OpenAI Just Released a Privacy Filter – Here’s How It Works and How to Use It

On April 22, 2026, OpenAI released an open-source tool called the OpenAI Privacy Filter. It automatically detects and masks personally identifiable information (PII) in documents—things like names, email addresses, phone numbers, and other sensitive data. The tool is designed to help people clean up documents before sharing them or using them with AI services. It’s available on GitHub, can run locally on your own machine, and doesn’t require sending your data to OpenAI’s servers.

What the Privacy Filter Does

The filter works by running documents through a fine-tuned language model that identifies pieces of text that look like personal information. When it finds something—say, an email address or a full name—it replaces that text with a placeholder like [NAME] or [EMAIL]. The output is a redacted version of the document. You can use it on plain text, but OpenAI also documented ways to process files like PDFs or Word documents by extracting text first.

The model itself is small enough to run locally and is open source, meaning anyone can inspect, modify, or adapt it. This is a notable shift from the usual “API only” approach. You don’t need to connect to the internet or pay for usage to apply the filter.

Why It Matters

Privacy concerns around AI tools have grown over the past few years. People often paste sensitive documents into chatbots or upload files to cloud-based services without knowing exactly how that data is handled. Even if a company promises not to train on your data, there’s still the risk of exposure through bugs, leaks, or shared screens. The Privacy Filter gives users a way to remove PII before the document ever reaches an external service. Small business owners handling customer data, researchers sharing patient notes, or anyone writing contracts can use it to reduce the blast radius if something goes wrong.
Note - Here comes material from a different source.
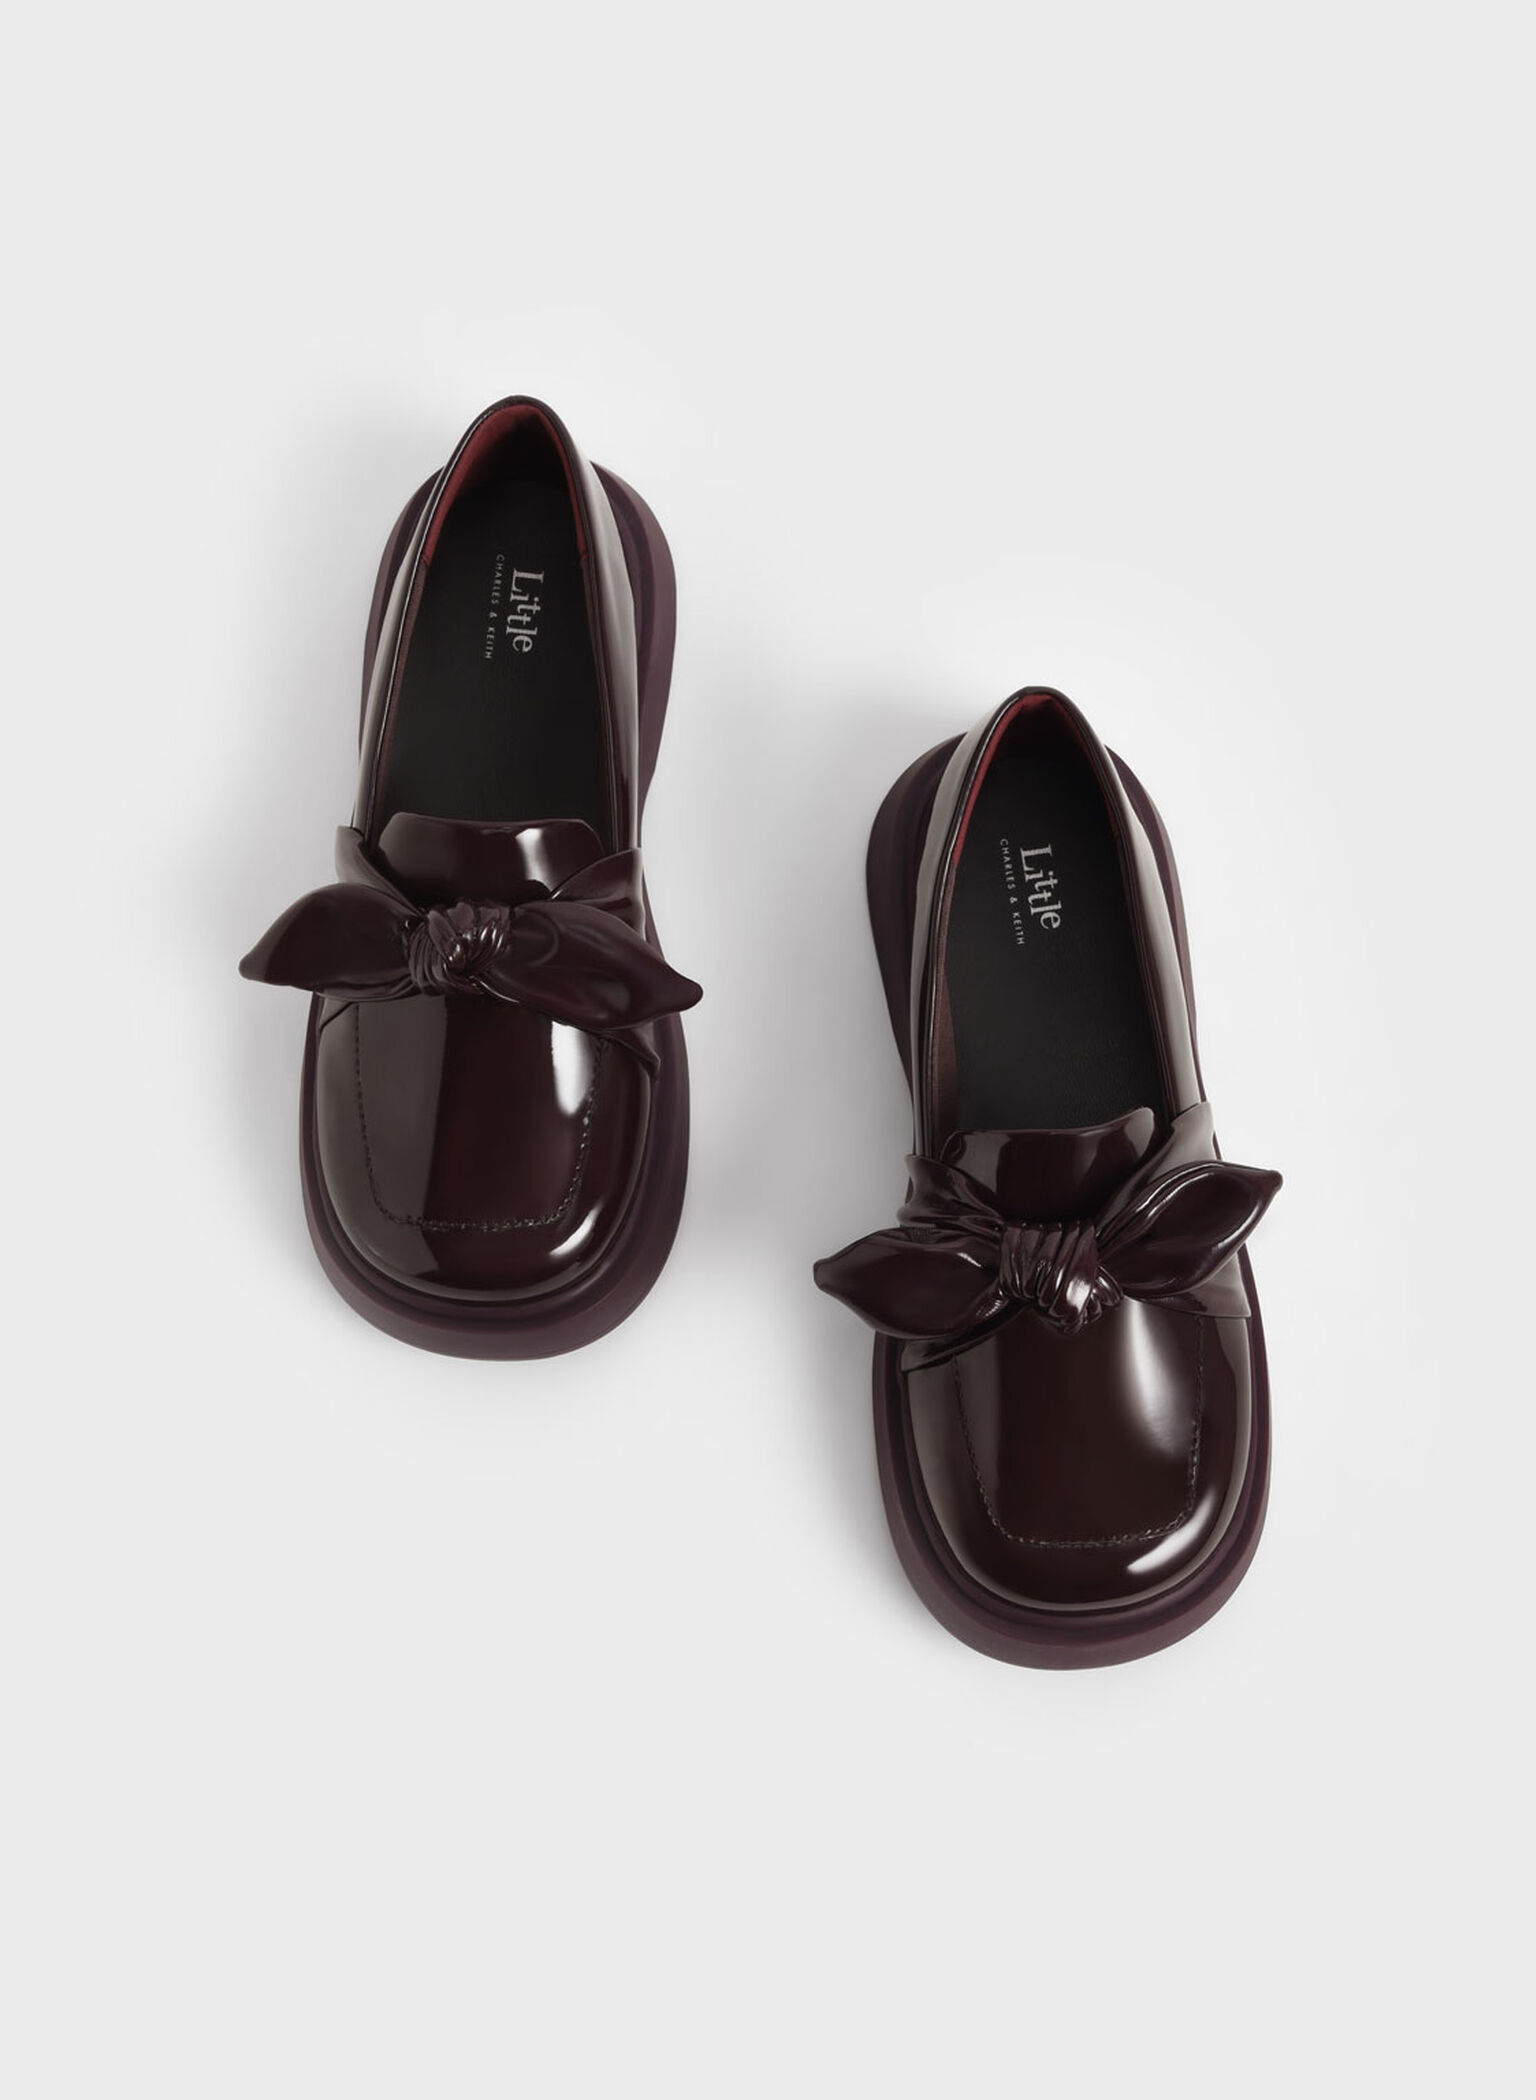 Girls' Patent Bow Loafers, Maroon, hi-res
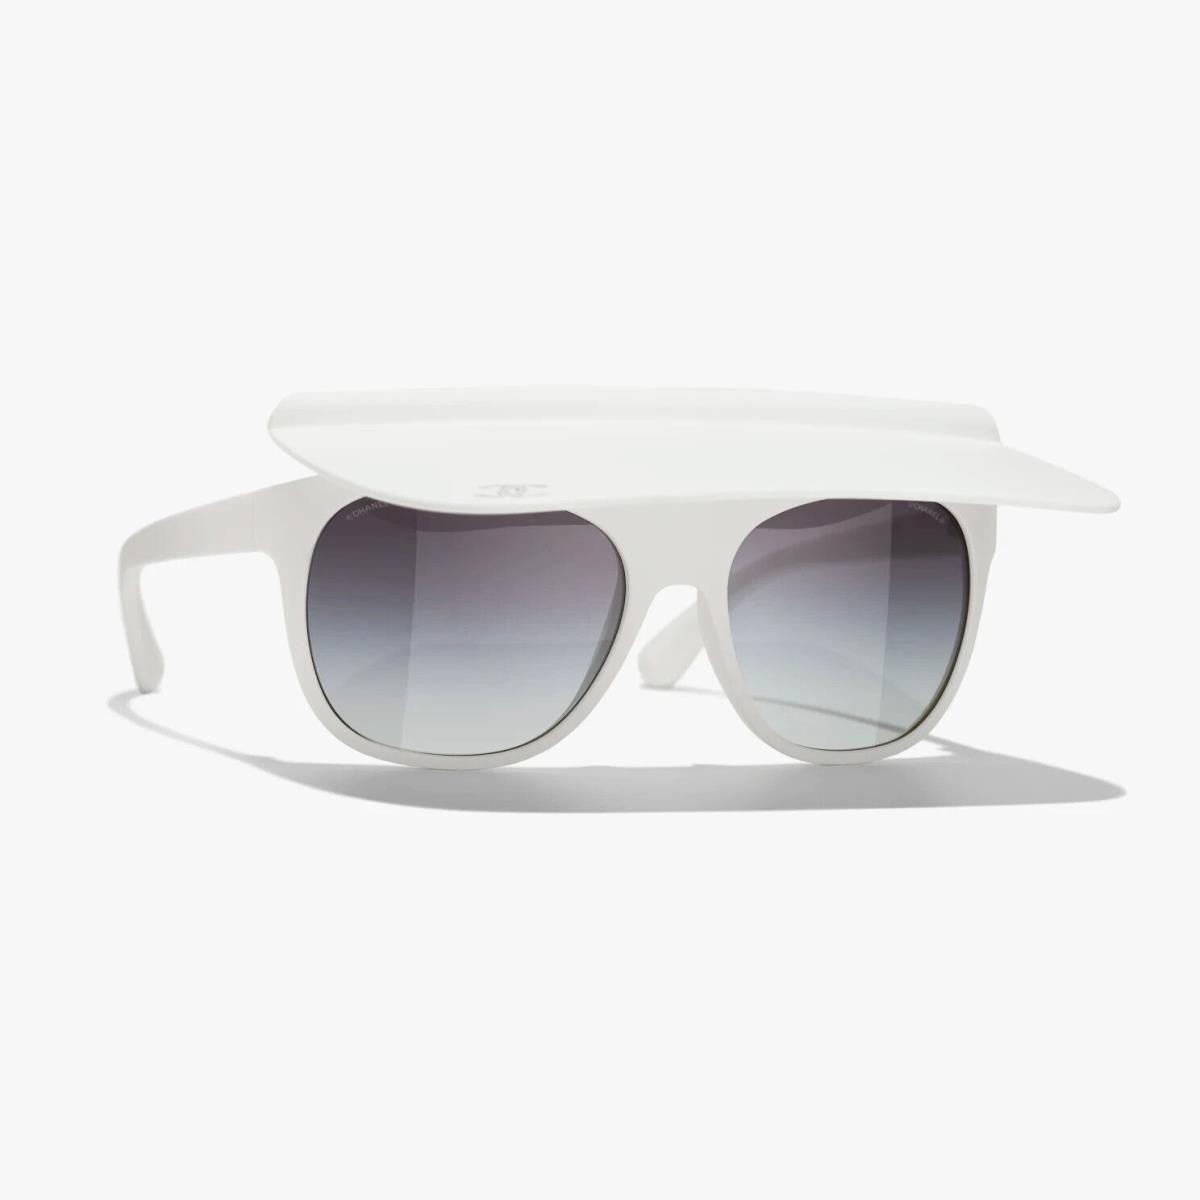 Chanel 2021 Cruise Collection A71046 White Limited Edition Visor Sunglasses

This isn’t a replacement for proper data governance, but it’s a practical layer of protection that puts control back in the user’s hands. And because it’s open source, it can be audited by security researchers and adapted for specific needs.

How to Use It

The simplest way to use the Privacy Filter is to download it from OpenAI’s GitHub repository. You’ll need Python and a few dependencies, but the instructions are straightforward. Once installed, you run it as a command-line tool:

openai-privacy-filter input.txt --output redacted.txt

The tool also supports chunking long documents and batch processing multiple files. If you’re a developer, you can integrate the filter into your own application via the provided Python library or a local API—no cloud calls required. OpenAI has also published example integrations for common workflows like processing CSV files and emails.

For non-technical users, third-party tools might package the filter into graphical applications in the coming weeks, but for now, basic command-line familiarity is needed.

Limitations

Like any automated tool, the Privacy Filter isn’t perfect. It may miss some forms of PII, particularly unusual formats or data written in context that the model wasn’t trained on. It can also over-redact, marking things that aren’t actually personal information. OpenAI itself advises that you should always review the redacted output before sharing it. The tool is a helper, not a guarantee.

Additionally, the filter only handles text-based documents. Images, scanned PDFs, or handwriting are out of scope unless the text is first extracted. And because it runs locally, its speed depends on your machine’s hardware.

Sources

This article draws on OpenAI’s official announcement (April 22, 2026) and coverage by MSN and GIGAZINE. The full code and documentation are available on OpenAI’s GitHub page. If you’re interested in the technical details, the model weights and a paper describing the filtering approach are also published there.